Coforge Ltd. - Quarterly/Annual Result Disclosures and Notes dated 31 Dec 2018

Auditor and Management Disclosures and Notes for the quarterly results dated 31 Dec 2018

1. The above results were reviewed and recommended by the Audit Committee at the meeting held on January 17, 2019 and approved by the Board of Directors at their meeting held on January 18, 2019.

2. The financial results have been prepared in accordance with applicable Indian Accounting Standards as prescribed under Section 133 of the Companies Act, 2013 read with Rule 3 of the Companies (Indian Accounting Standards ) Rules 2015 and Amended Rules, 2016.

3. During the quarter ended December 31, 2018 pursuant to Employees Stock Option Plan 2005, 75,850 options were exercised, 24,200 option were lapsed from various Grants and 1,087,730 options were outstanding as on December 31, 2018 issued on various dates.

4. In view of the clarification issued by Ind AS Transition Facilitation Group, the Group has changed the classification for taxes on dividend received from subsidiaries from current taxes to Statement of Equity. Consequently, taxes amounting to INR 137 million, on dividend received during the nine month period ended December 31, 2018, have been recognized in the Statement of Equity.

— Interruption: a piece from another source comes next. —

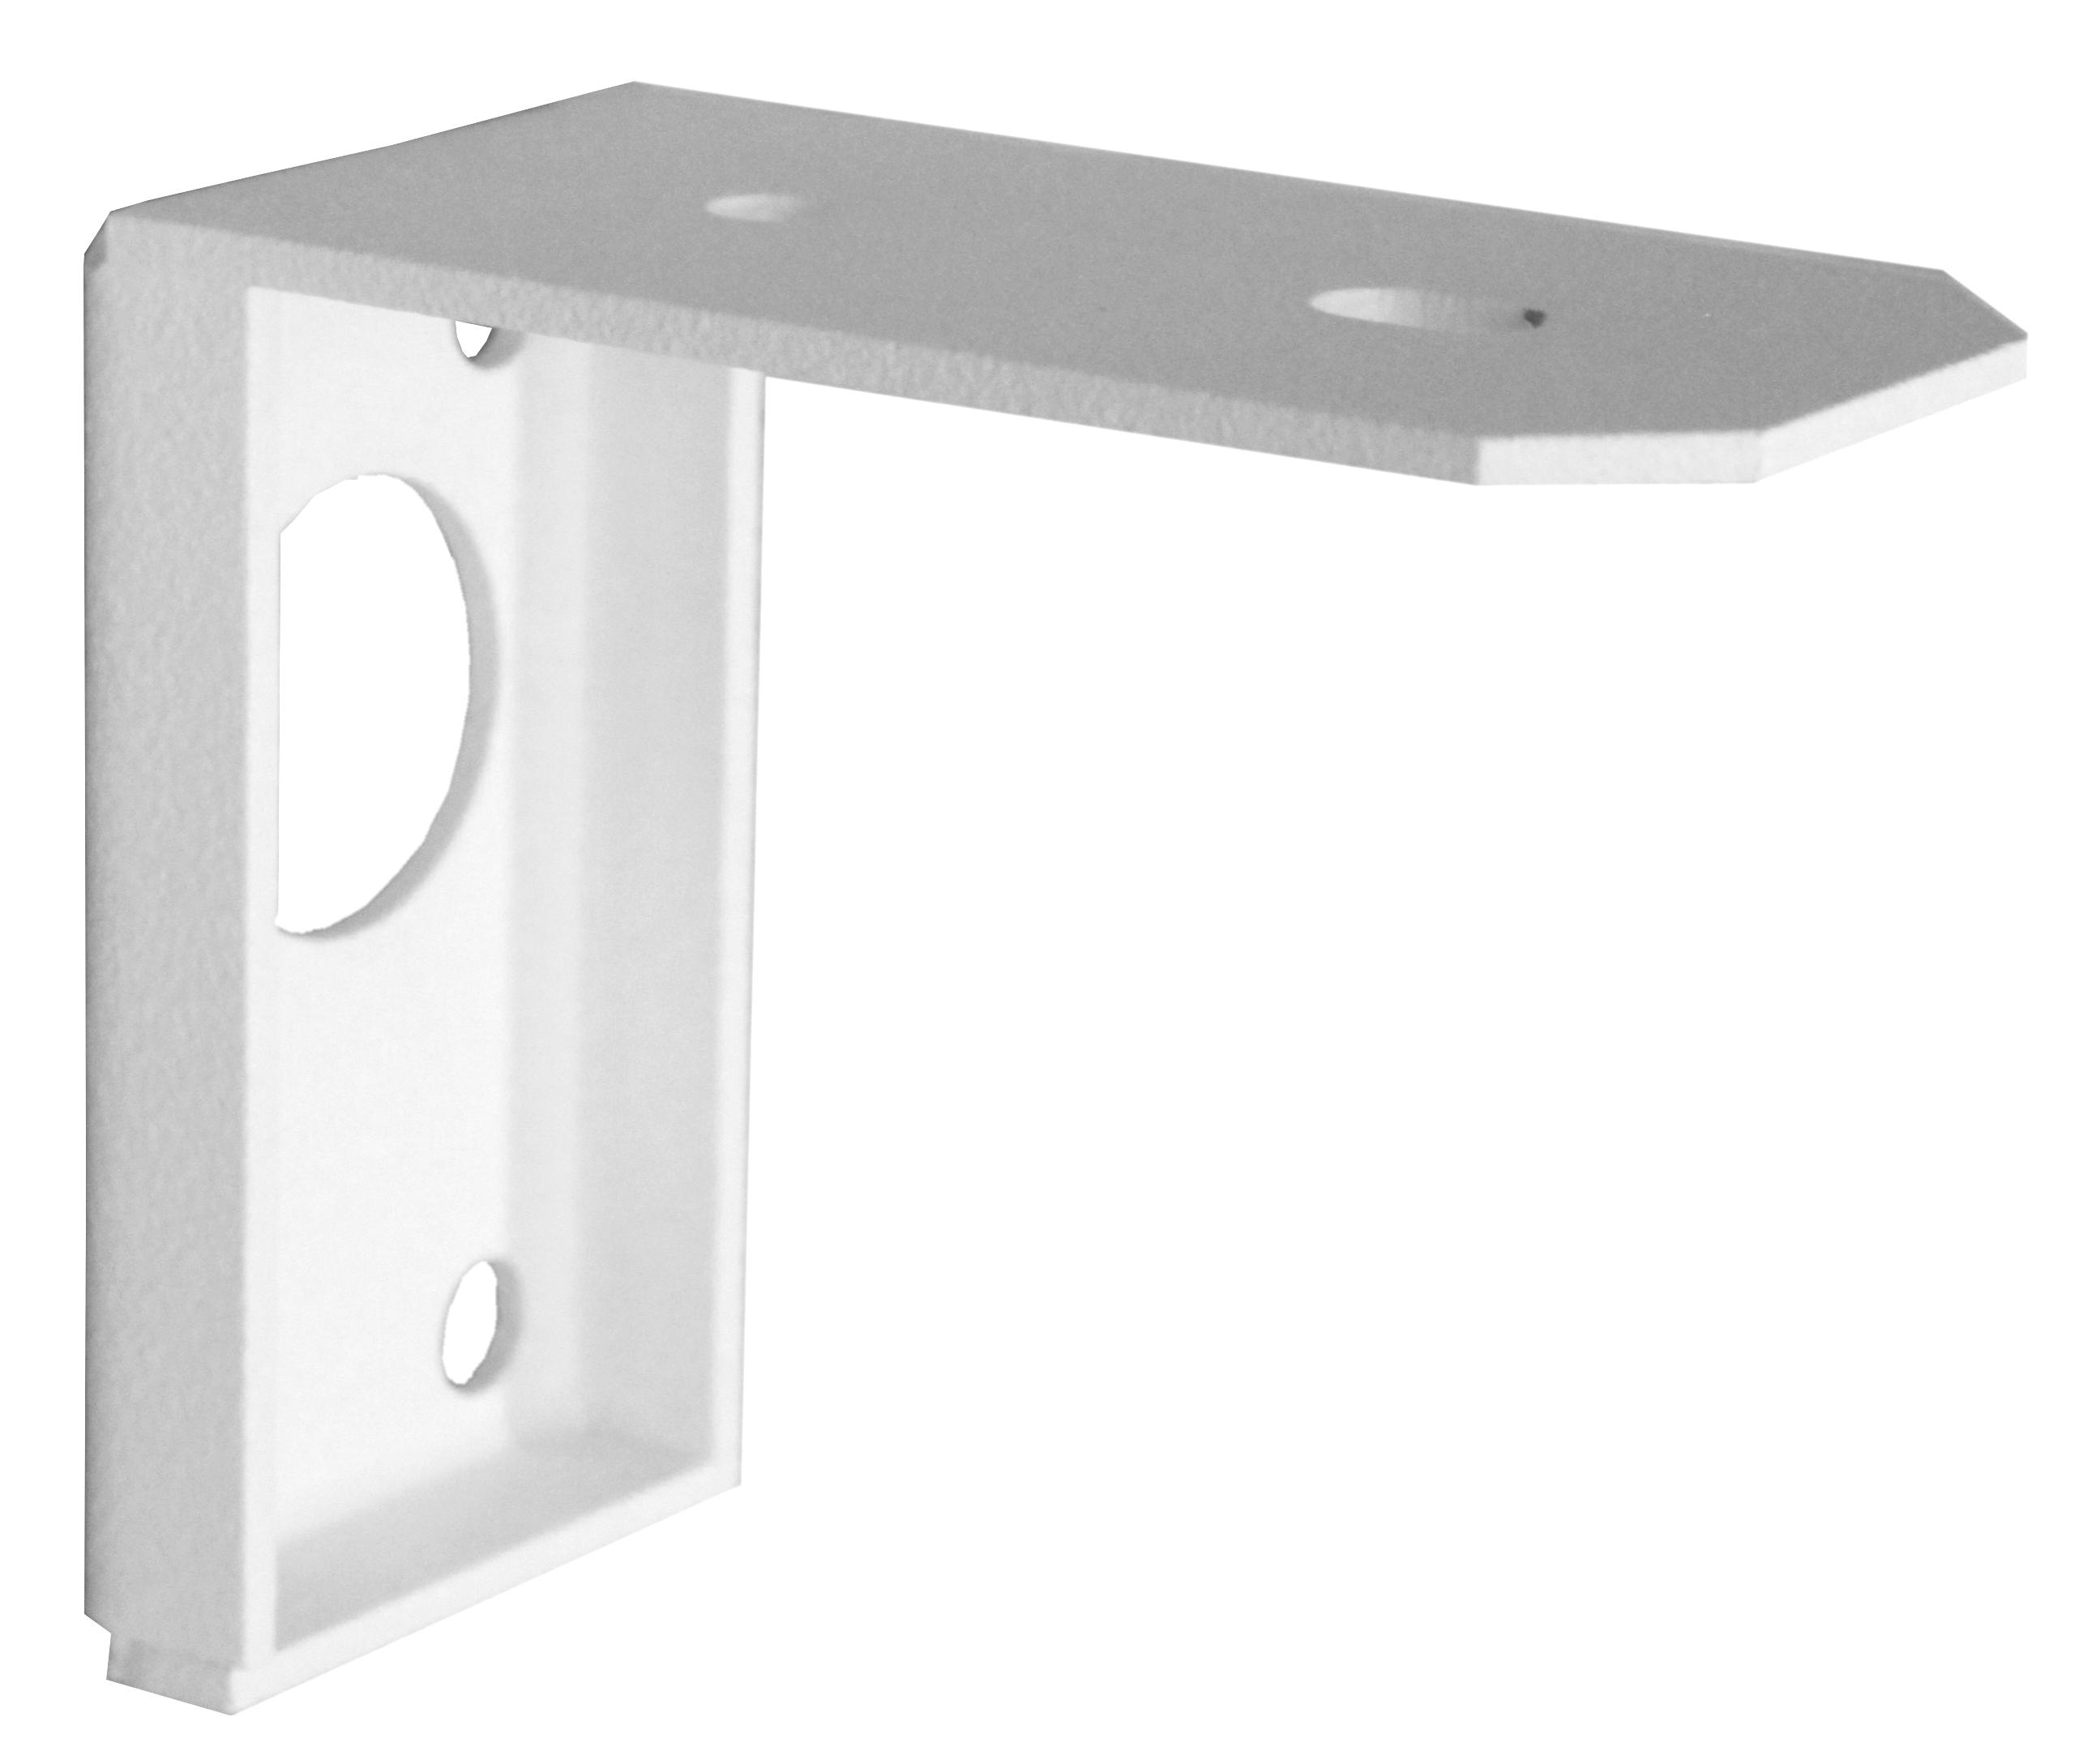 1 Stk Wandausleger weiß für Notleuchten Design KM/KS NLAWKSU---

The previous year numbers have not been reclassified as the impact of the change is not material on the results for the year ended March 31, 2018.
The change, if recorded, in year ended March 31, 2018 and nine months ended December 31, 2017, it would have resulted in current tax to be lower and profit after tax to be higher by INR 96 million and both basic earnings per share and diluted earnings per share higher by Rs. 1.57.

5. Ind AS 115 Revenue from Contracts with Customers, mandatory for reporting periods beginning on or after April 1, 2018, replaces existing revenue recognition requirements. Under the modified retrospective approach there were no significant adjustments required to the retained earnings at April 1, 2018. Also, the application of Ind AS 115 did not have any significant impact on recognition and measurement of revenue and related items in the financial results.

6. The Company, during the quarter, has changed estimates pertaining to retirement benefits resulting in reduction of liability amounting to Rs. 40 million (net of tax).

7. The National Company law Tribunal (NCLT) vide order dated November 12, 2018 read with order dated November 28, 2018 and Board of Directors of the Company in its meeting held on March 24, 2017, approved the amalgamation of PIPL Business Advisors and Investment Private Limited (PBIPL) and GSPL Advisory Services and Investment Private Limited ("GAIPL") with NIIT Technologies Ltd ("the Company or NTL") by way of and in accordance with a scheme of amalgamation as per the provision for Sections 230 to 232 and any other applicable provision of the Companies Act, 2013 ("Scheme") PBIPL and GAIPL held 3.55% each of share capital of NIIT Technologies Ltd and form part of promoter/promoter group of NIIT Technologies Ltd. On December 28, 2018, pursuant to the Scheme, the entire shareholding of PBIPL of 2,175,911 equity shares and GAIPL of 2,175,911 equity shares in the Company were cancelled and the equivalent shares of the Company were reissued to the shareholders of PBIPL and GAIPL. There is no change in the promoters shareholding in the Company.

Pursuant to NCLT order, the scheme become effective from the "appointed date" April 01, 2017. The management believes that the impact of amalgamation on these financial statements is immaterial and accordingly recorded the impact of amalgamation in the current quarter.